Friday, June 27, 2014

: re: Redrawn Lines Seen as No Cure in Iraq Conflict



---------- Forwarded message ----------
From: barry levine 
Date: Fri, Jun 27, 2014 at 8:37 AM
Subject: re: Redrawn Lines Seen as No Cure in Iraq Conflict
To: "letters@nytimes.com"


To the Editor:
   Iraq was invented in 1916 by sir Mark Sykes and Francois-George Picot; no actual Iraqis were involved. Perhaps because there was a war raging at the time, no effort was spent matching the borders to ethnic or cultural divisions.  Two years later when Yugoslavia was carved from the defunct AustroHungarian empire the victors were a little more sophisticated. Note the absence of geometrically straight lines there.   In each case, ethnic tensions could be suppressed for decades by a repressive regime. In neither case did this forge a national identity.
    After WWII, a new wave of nation drawing gave us new states from Algeria to Zaire.
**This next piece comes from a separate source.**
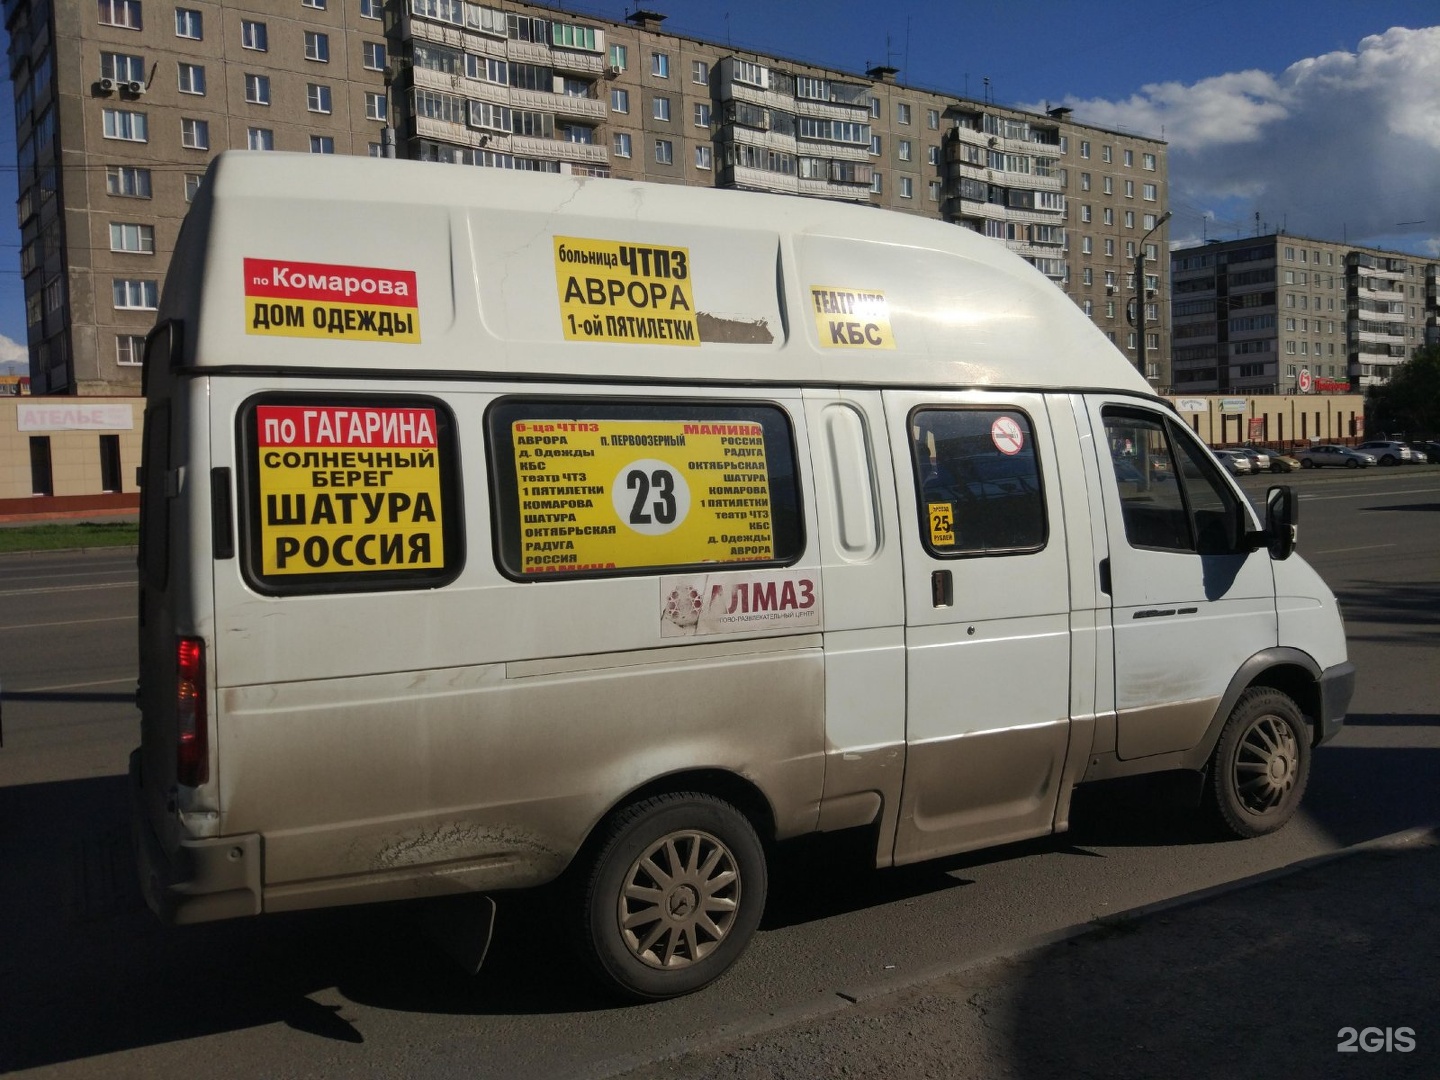 Маршрутное такси 16. Маршрутка. Маршрутное такси Челябинск. К32 маршрутное такси. Челябинское маршрутное такси.

Not all have proven to be politically or ethnically coherent. But this wave came with the enunciation of a guiding principle. The U.N. Charter celebrates the right of Peoples to self-determination. No boundary drawn on paper will solve the Sunni-Shiite rift that goes back to the death of the Prophet. But it's long, long overdue that we acknowledge that the Kurds deserve a state no less than any other People.